Resampling Methods: Resting Robustness and Reliability (but Really Replicability)
Paul D. Bliese
Editor, Organizational Research Methods
Professor, Department of Management
Darla Moore School of Business
University of South Carolina
1014 Greene Street
Columbia, SC 29208
Paul D. Bliese received a Ph.D. from Texas Tech University and a B.A. from Texas Lutheran University. After graduating in 1991, he worked for a year for the Bureau of Labor Statistics. In 1992, he joined the US Army where he spent 22 years as a research psychologist at the Walter Reed Army Institute of Research (WRAIR). In 2009, he formed the Center for Military Psychiatry and Neuroscience at WRAIR, and served as the Director until he retired at the rank of Colonel in 2014. Over his military career, Dr. Bliese directed a large portfolio of research initiatives examining stress, leadership, well-being, and performance. In this capacity, from 2007 to 2014 he oversaw the US Army’s Mental Health Advisory Team program assessing the morale and well-being of Soldiers deployed to Iraq and Afghanistan. His applied research was influential in policy decisions within the US Army and the Department of Defense. Throughout his professional career, Dr. Bliese has led efforts to advance statistical methods and apply analytics to complex organizational data. He developed and maintains the multilevel package for the open-source statistical programming language R, and his research has been influential in advancing organizational multilevel theory. Currently, Dr. Bliese is a professor in the Management Department of the Darla Moore School of Business at the University of South Carolina. He has served on numerous editorial boards, was an associate editor for the Journal of Applied Psychology from 2010 to 2016 and is the editor Organizational Research Methods.
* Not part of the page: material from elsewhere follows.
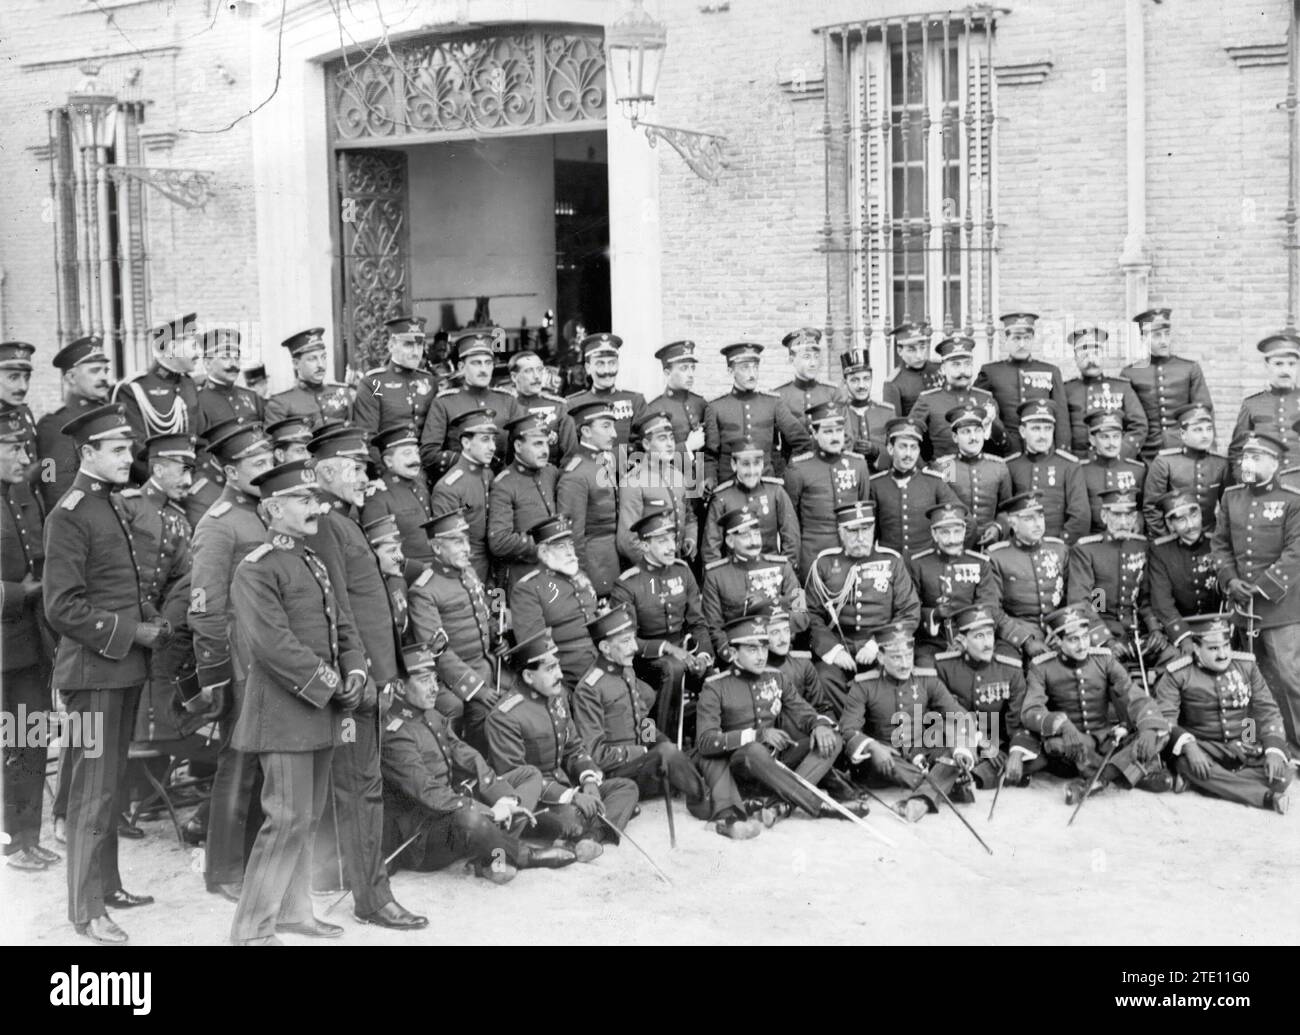 12/31/1915. The King in the María Cristina barracks. D. Alfonso Xii (1), Infante D. Alfonso (2) and the Captain General (3), with the officers of the King's regiment, after the lunch that celebrated the return from Africa of the first battalion. Credit: Album / Archivo ABC / Ramón Alba Stock Photo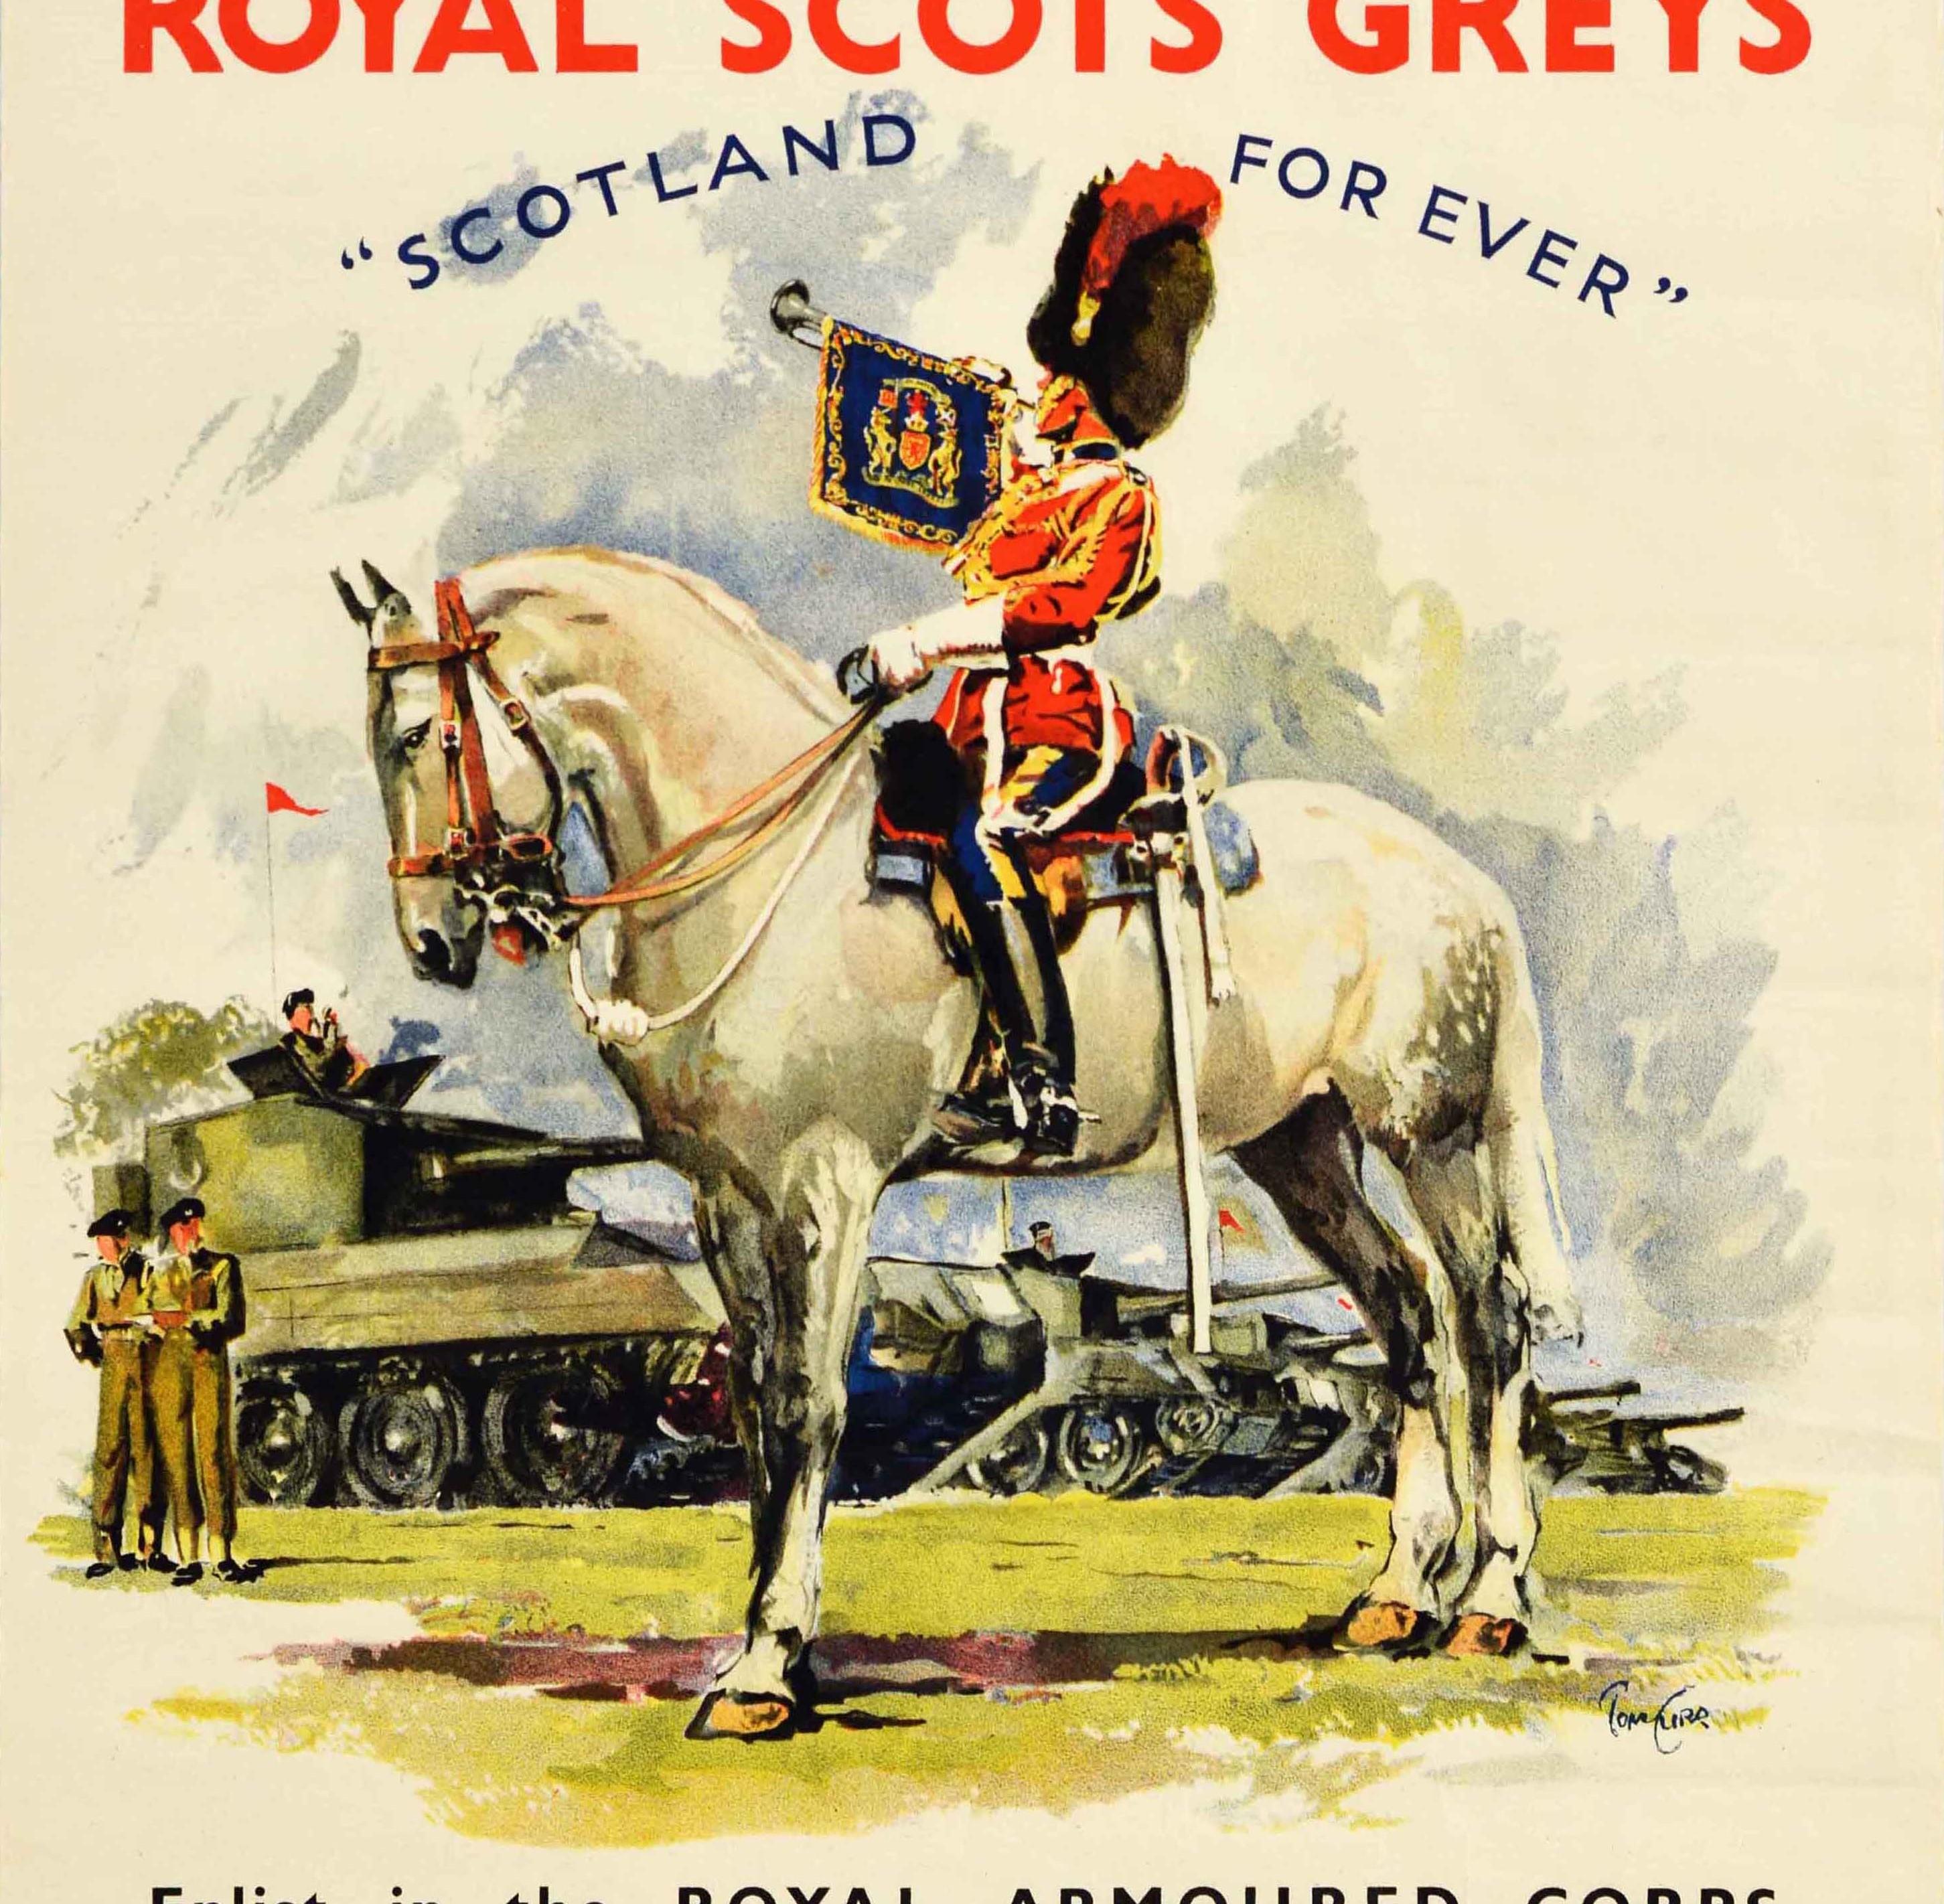 Original Vintage Military Poster Royal Scots Greys Scotland For Ever Armoured C. - Beige Print by Tom Curr

A simple modification of the non-parametric bootstrap can be used to count how often a finding is or is not statistically significant. In so doing, a researcher could provide summary information in the form of XX% of the time one would expect an exact replication to find a statistically significant result (percent significant index). Two examples are provided: one using existing data and the other using simulated data from a published study. The percent significant index potentially represents a way to use statistical power in a post-hoc fashion to help readers draw inferences about the replicability of findings. The idea can be modified to be efficiently implemented without using the bootstrap. This talk is designed to spur discussion of whether such an index would be useful, and to show that there is only about a 50% probability that many published findings will replicate.